「インフルエンザ予防の新常識」そのマスク、もしかして意味がない!?
毎年最新の治療法が脚光を浴びるインフルエンザ対策だが、必ずしも新しいものが最善の策というわけではない。本当に効果がある予防策は何なのか。とどまることを知らない猛威への巷に広がる誤解と正しい対処法を、医師がズバリ!
* * *
インフルエンザが全国で猛威をふるっている。
厚生労働省の発表によれば、今年1月14~20日までの1週間に報告されたインフルエンザ患者数は前週年比約40%増で、1医療機関当たり平均53.91人。
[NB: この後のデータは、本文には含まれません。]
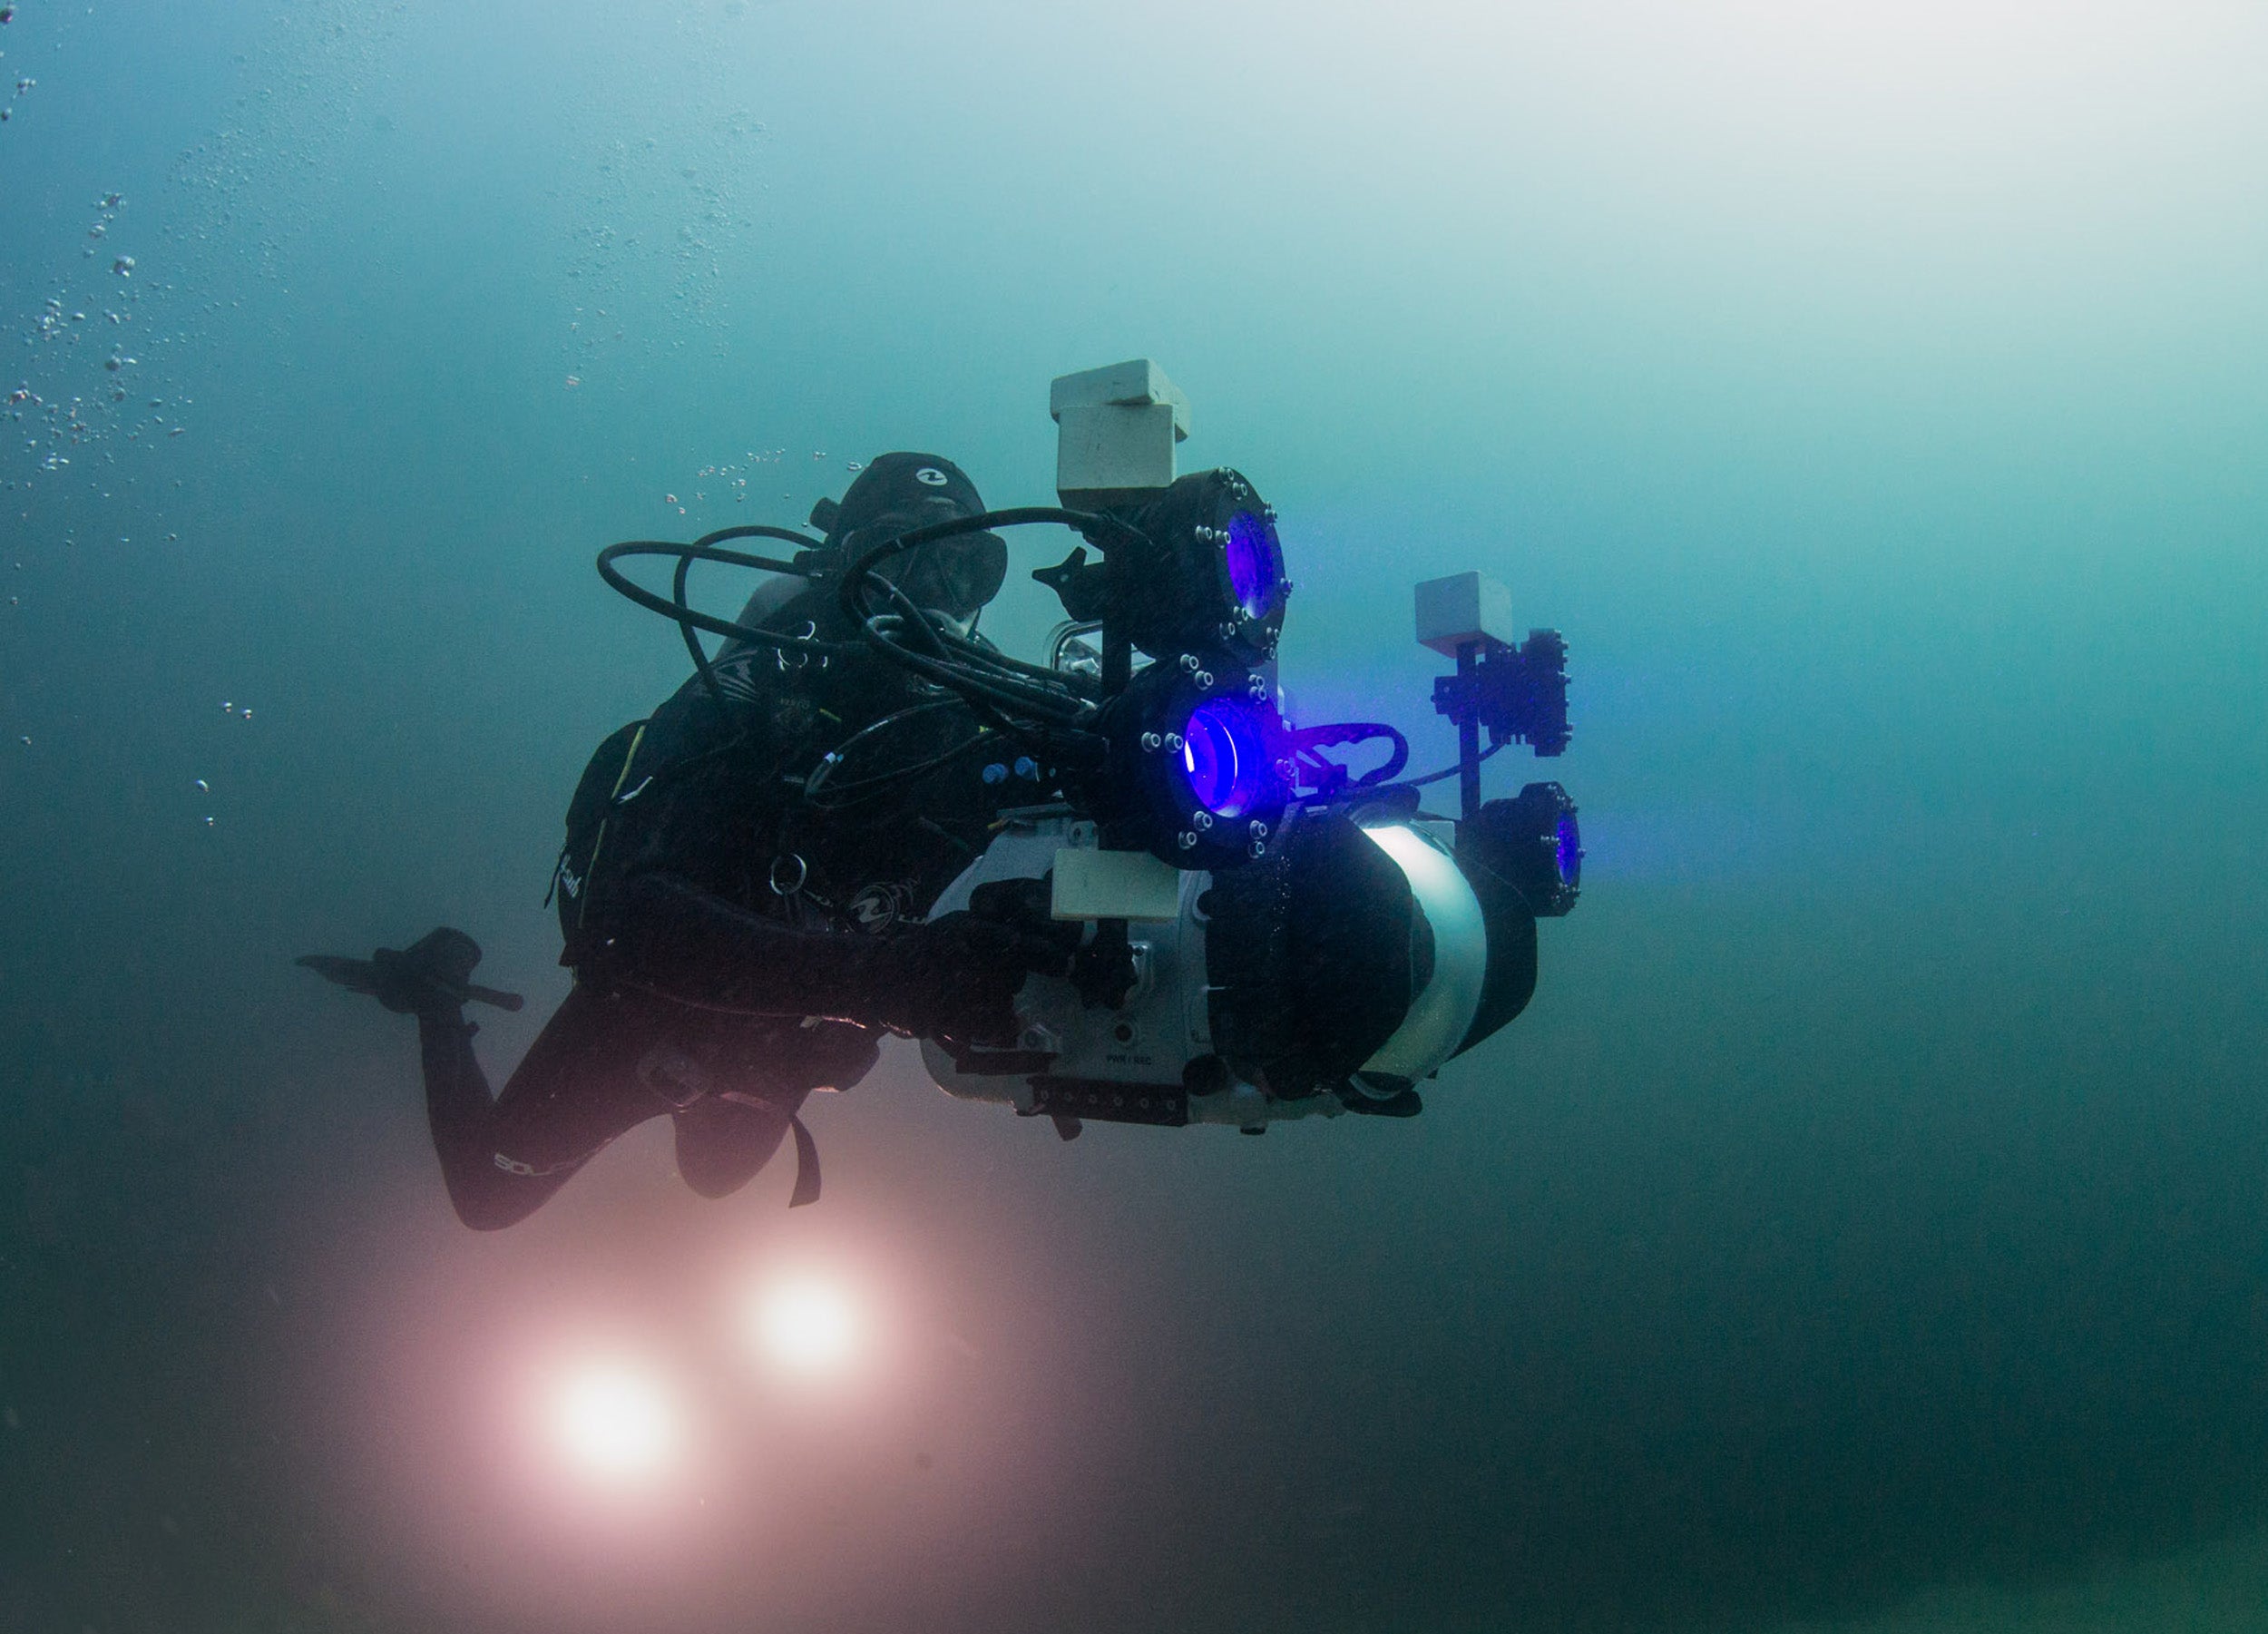 David Gruber photographs underwater using a "shark-eye" camera.

前週から約49.5万人増え、定点医療機関当たりの患者報告数を都道府県別に見ると、愛知、埼玉、静岡の順。同省では、1月20日の時点で今期累計で約541万人の患者が医療機関を受診したと推計している。
医療の最前線で毎日多くの患者を診察する医師たちも「今年のインフルエンザは特別」と警鐘を鳴らす。
秋津医院院長の秋津壽男さんが話す。
「例年に比べ、流行のピークが訪れるのが早いような印象があります。患者数が多いということは、うつる可能性も高いということ。警戒態勢を強化してください」
そこで、インフルエンザ予防の新常識をご紹介!
マスクは「N95」タイプ以外あまり意味がない
インフルエンザの予防といえば、まず思い浮かぶのがマスク。今の時期、ドラッグストアの店頭には多くの種類が並べられている。だが「マスクはインフルエンザや風邪の予防に、それほど効果的ではない」と言うのは、野口内科院長の野口仁さんだ。
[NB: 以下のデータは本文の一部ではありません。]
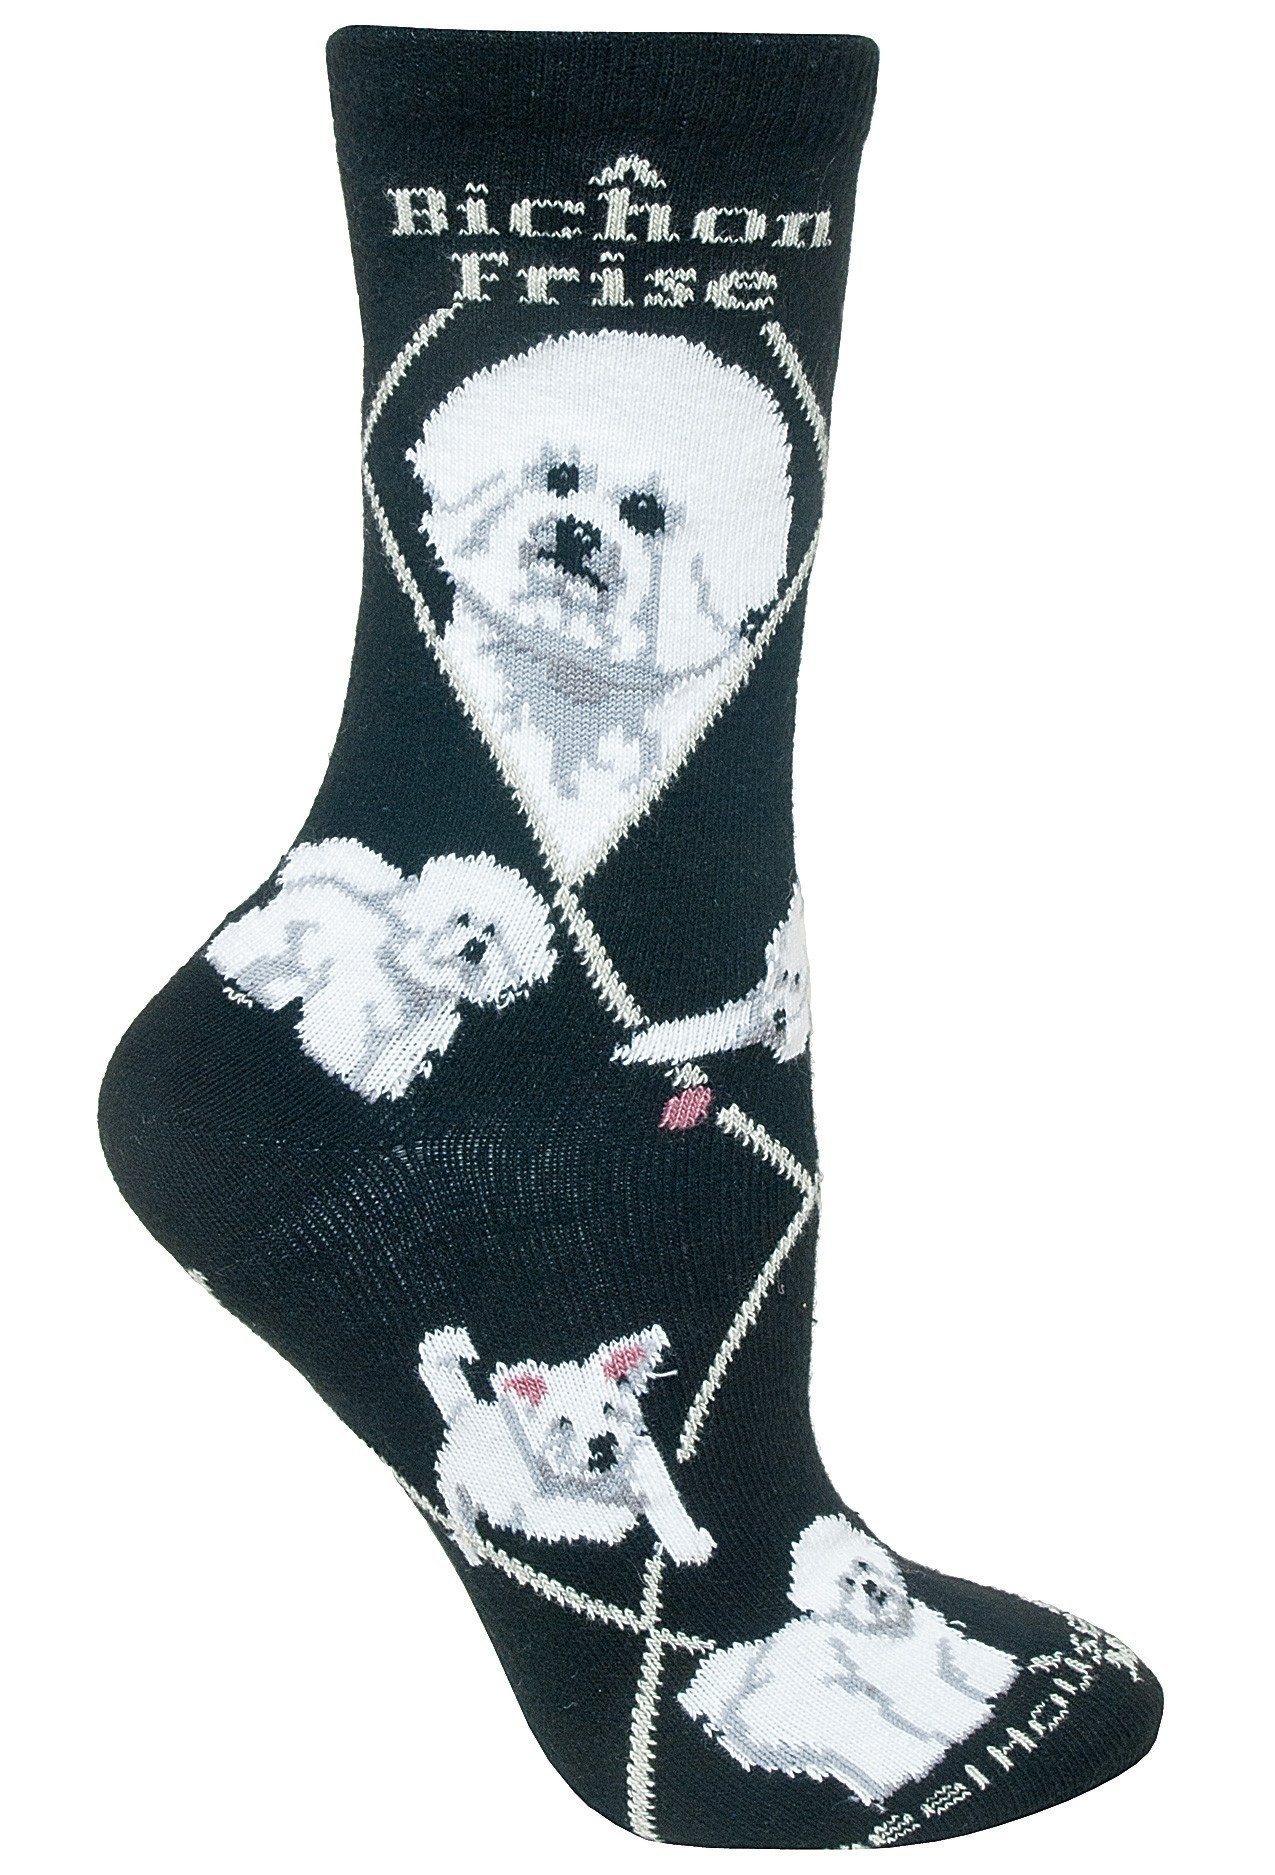 Bichon Frise Sock on Black Size 9-11

「インフルエンザは、患者のくしゃみなどの飛沫に含まれるウイルスを吸入すると感染しますが、飛沫が空中を漂う時間は短く、直撃しない限り口からウイルスが感染することはないので、マスクの意味はあまりありません。そもそも一般的なマスクは鼻や口元に隙間ができますし、ウイルスはものすごく小さいので不織布の隙間を通り抜けてしまうのです」
そのための特殊なマスクも市販されている。
「『N95』マスクといって、米国労働安全衛生研究所の規格をクリアした微粒子用マスクを適切につければ予防になります」(野口さん)
神戸大学医学部附属病院感染症内科・診療科長の岩田健太郎さんも日常生活ではマスクを使用しない。ただ、岩田さんはマスクをつけるよりも気をつけていることがあるという。
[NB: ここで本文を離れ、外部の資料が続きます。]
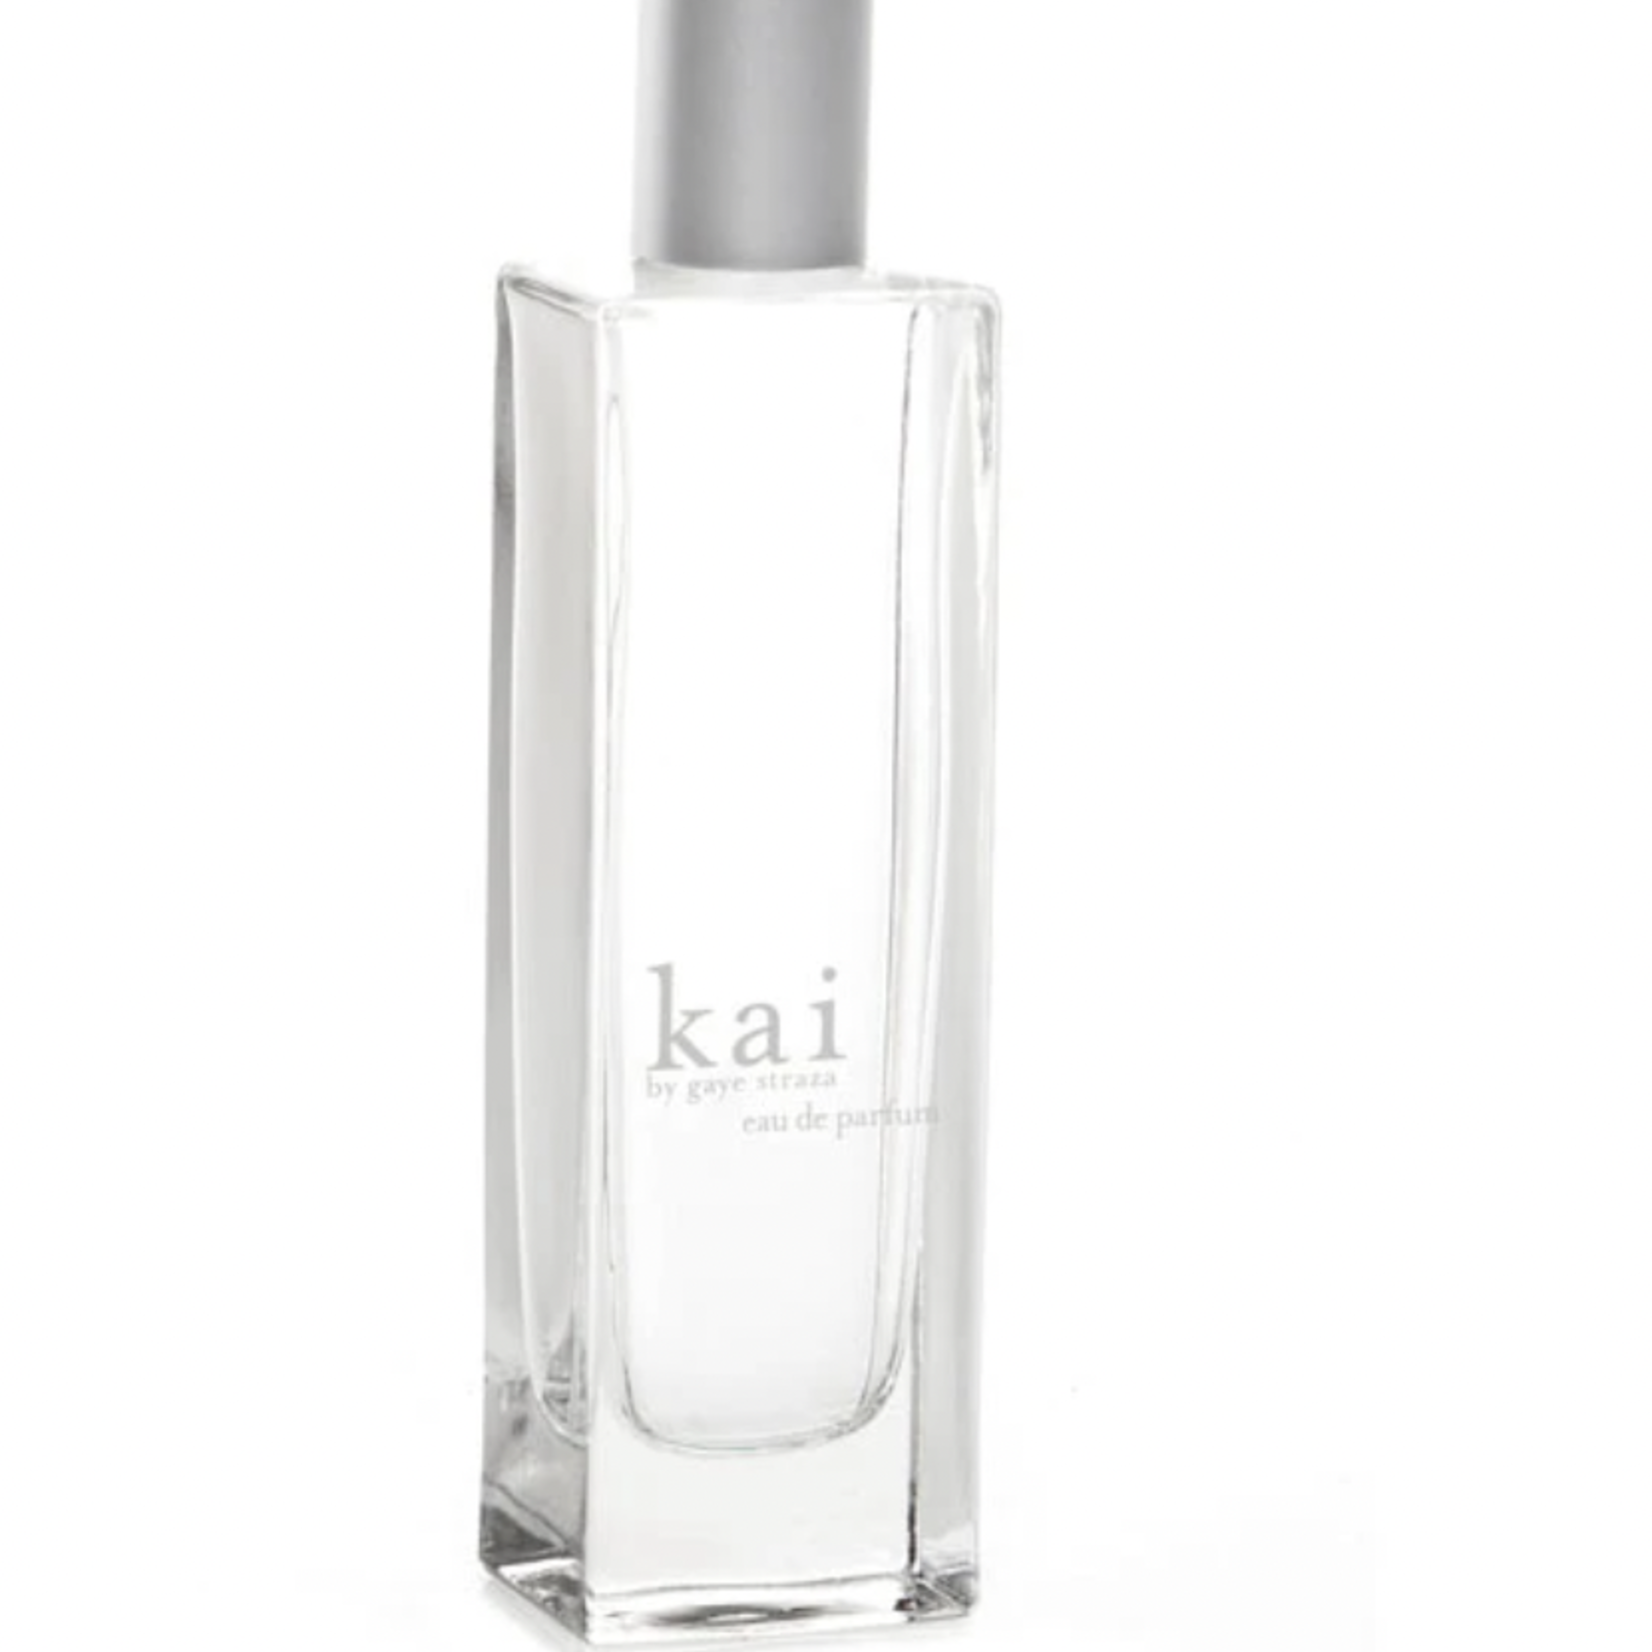 Kai Perfume Eau De Parfum 1.7oz. Spray Bottle

「ごく近い距離で話したり、街ですれ違いざまに咳を浴びたりすることで感染は起きますが、マスク着用で感染を防ぐ効果は限定的です。マスクをするより、多くの人が集まるようなイベントにみだりに参加しないことの方が予防になるでしょう」(岩田さん)
緑茶・紅茶でうがいを
 次の防御としては「うがい」が頭に浮かぶ。市販のうがい薬を活用すべきだろうか。
「成分によりいくつか種類があるのですが、『ヨード系』のうがい薬は逆効果。殺菌効果は非常に強いものの、粘膜を痛めるうえ、ふだんから口やのどに棲んでいる常在菌まで殺してしまい、かえってインフルエンザに感染しやすくなります」(野口さん)
寒空の下、わざわざうがい薬を買いに行くより、家庭にあるもので充分効果が期待できると野口さんが続ける。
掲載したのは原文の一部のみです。